Benny Peiser, director of the Global Warming Policy Forum in London, said the blowback over climate-change policies shows that “the Paris agreement is likely to end in failure, just like the [1992] Kyoto Protocol did before.”
“It is becoming increasingly evident that most governments around the world are prioritizing energy security, affordability and industrial competitiveness over the Paris climate agreement,” Peiser said. “Green lip-service is replacing radical decarbonization targets in most capitals as governments are facing popular revolts over rising energy prices.”
The Climate Action Tracker noted that, even as the U.S. leaves the Paris agreement, its emissions are projected to come in 2 percent lower than the initial post-Trump projections.

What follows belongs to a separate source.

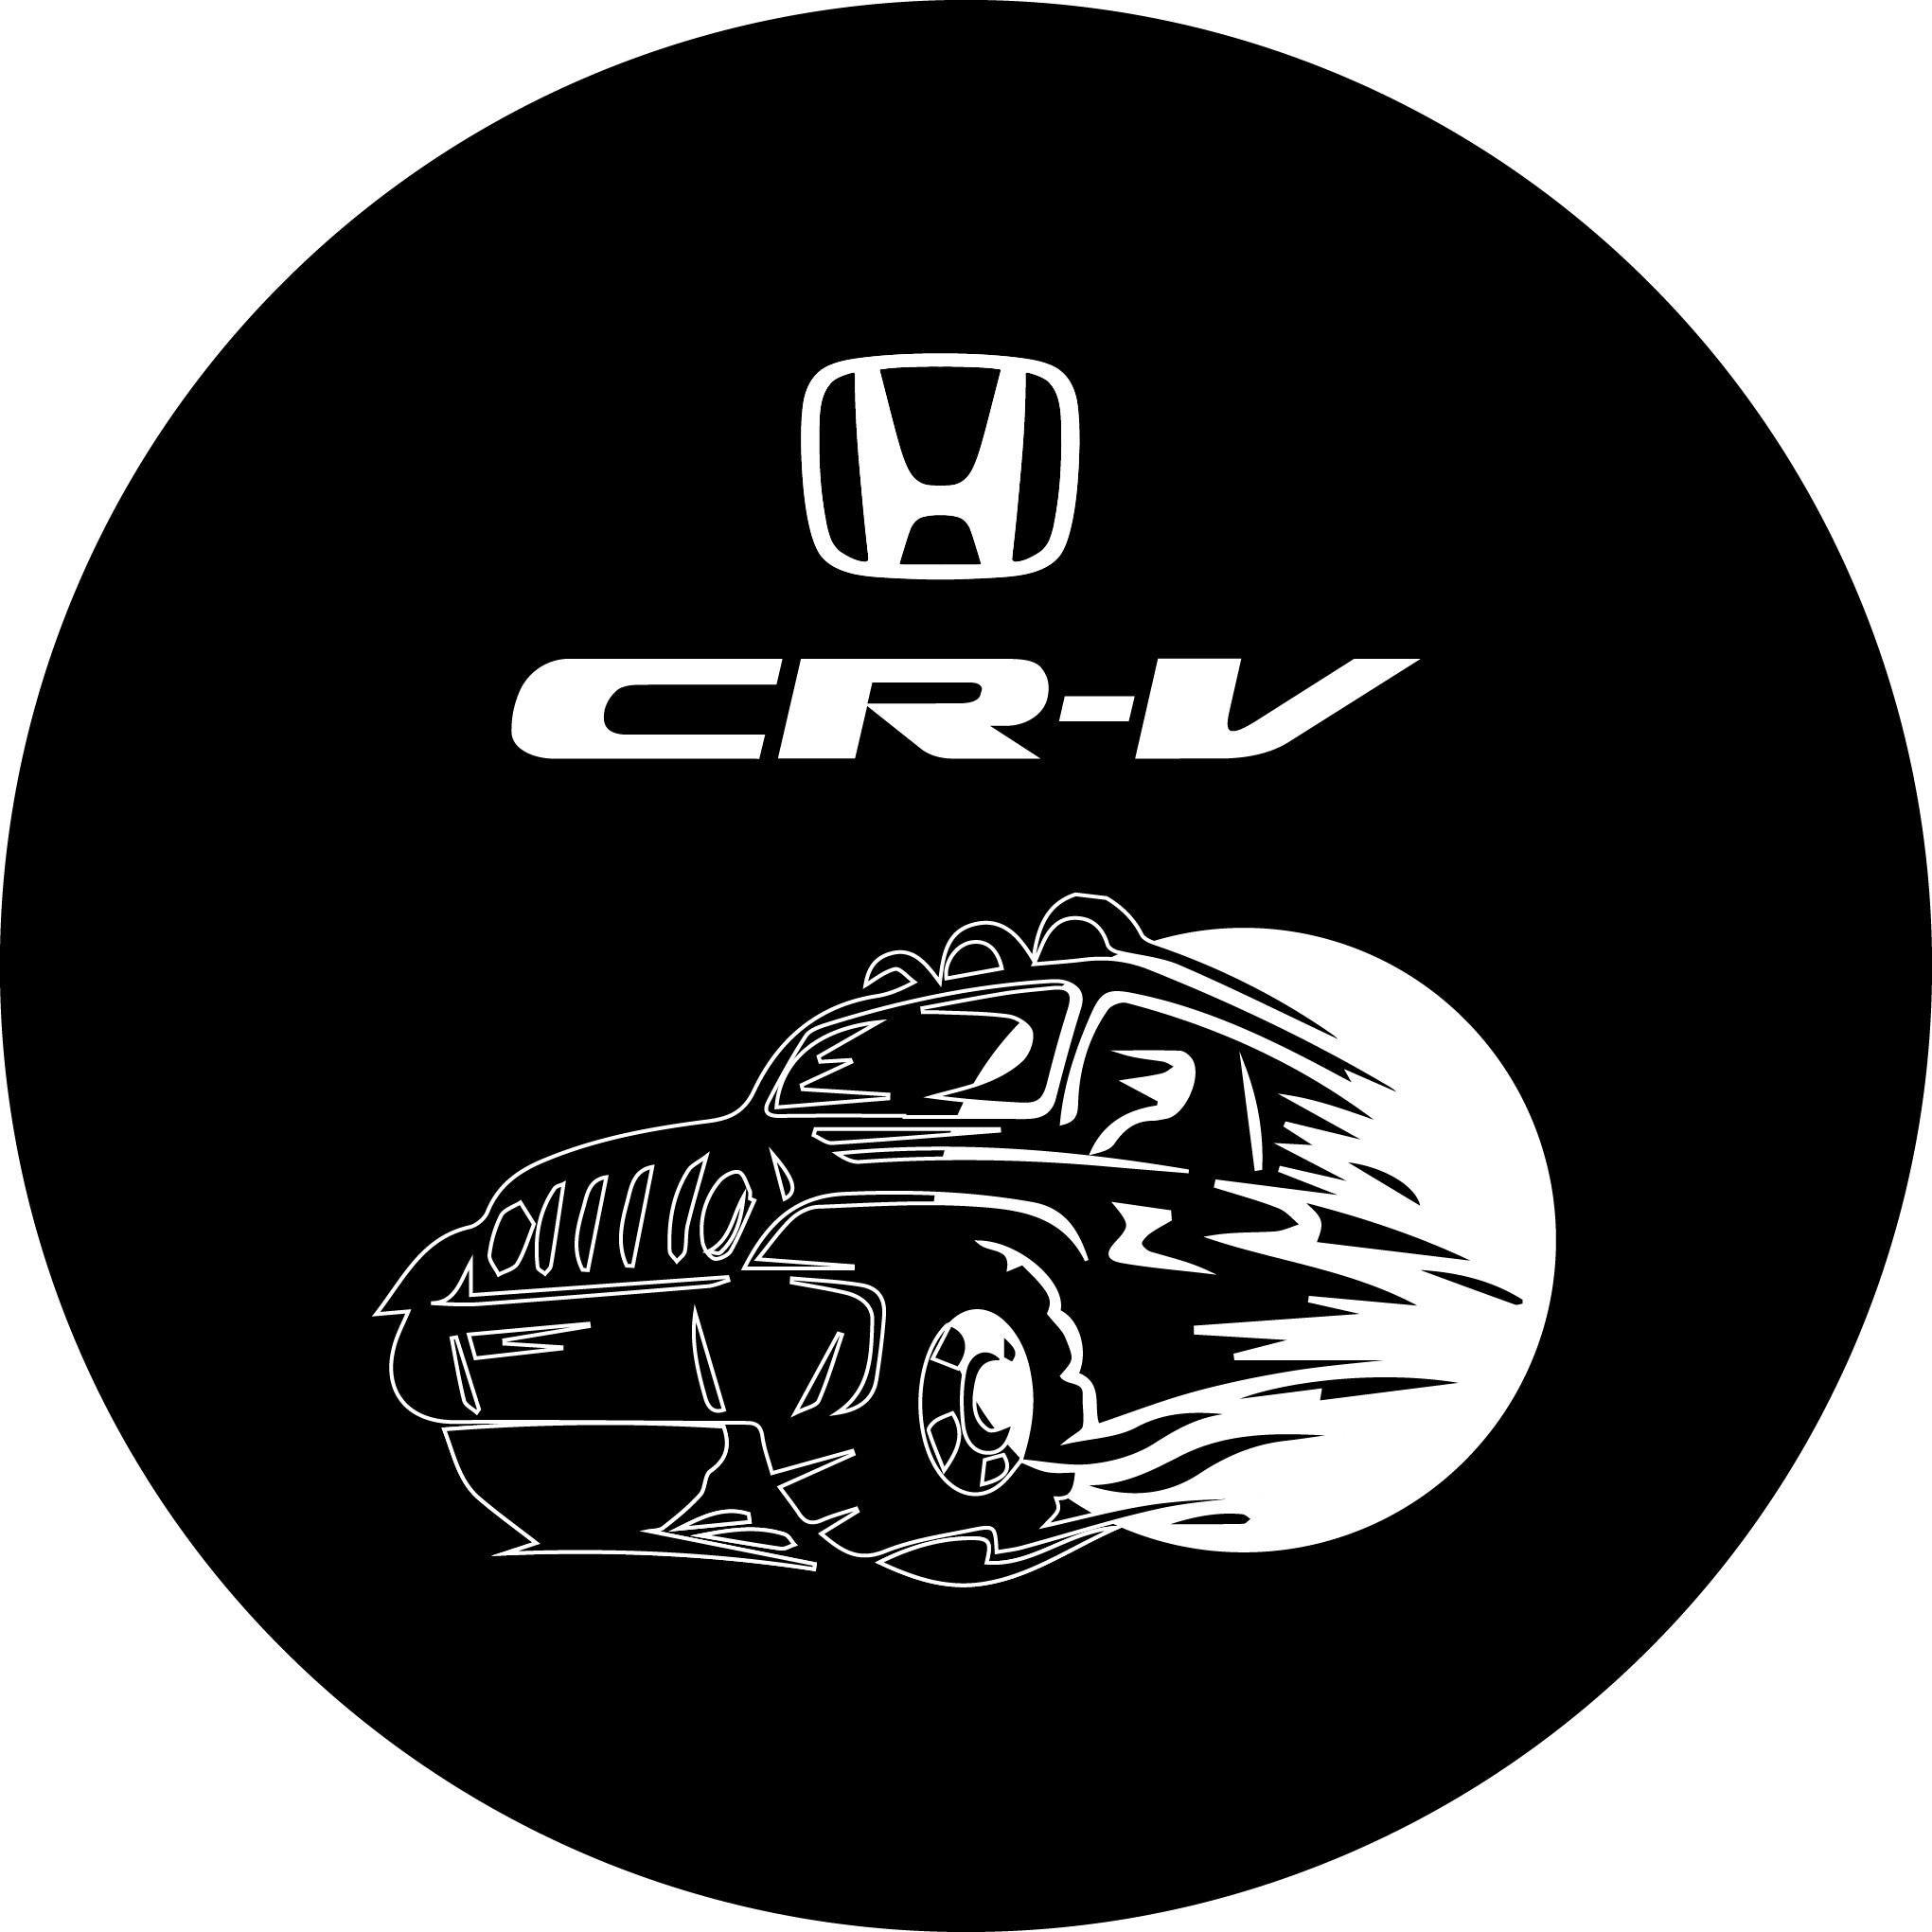 Honda CR-V Logolu Stepne Kılıfı

The U.S. emissions projections “come in stark contrast to those of China, the world’s largest carbon-dioxide emitter, which was hailed as a leader of the Paris accord but has since ramped up coal-fired generation in an effort to meet the rising demand for inexpensive, reliable energy,” Richardson wrote.
China’s emissions rose 2.3 percent in 2018, the second consecutive year of growth, the Climate Action Tracker reported. The increased emissions occurred even though the communist nation is also the world’s largest producer of solar technology.
Burnett pointed out that neither China nor India agreed to cut emissions, but rather to have their greenhouse gases peak by 2030, in what has become a major criticism of the Paris accord.
“They don’t say where it will peak at,” Burnett said. “If they double their emissions between now and 2030, or even increase them by 25 percent or 30 percent, no matter what anybody else in the world does, it doesn’t matter, because their emissions alone will swamp any reductions elsewhere.”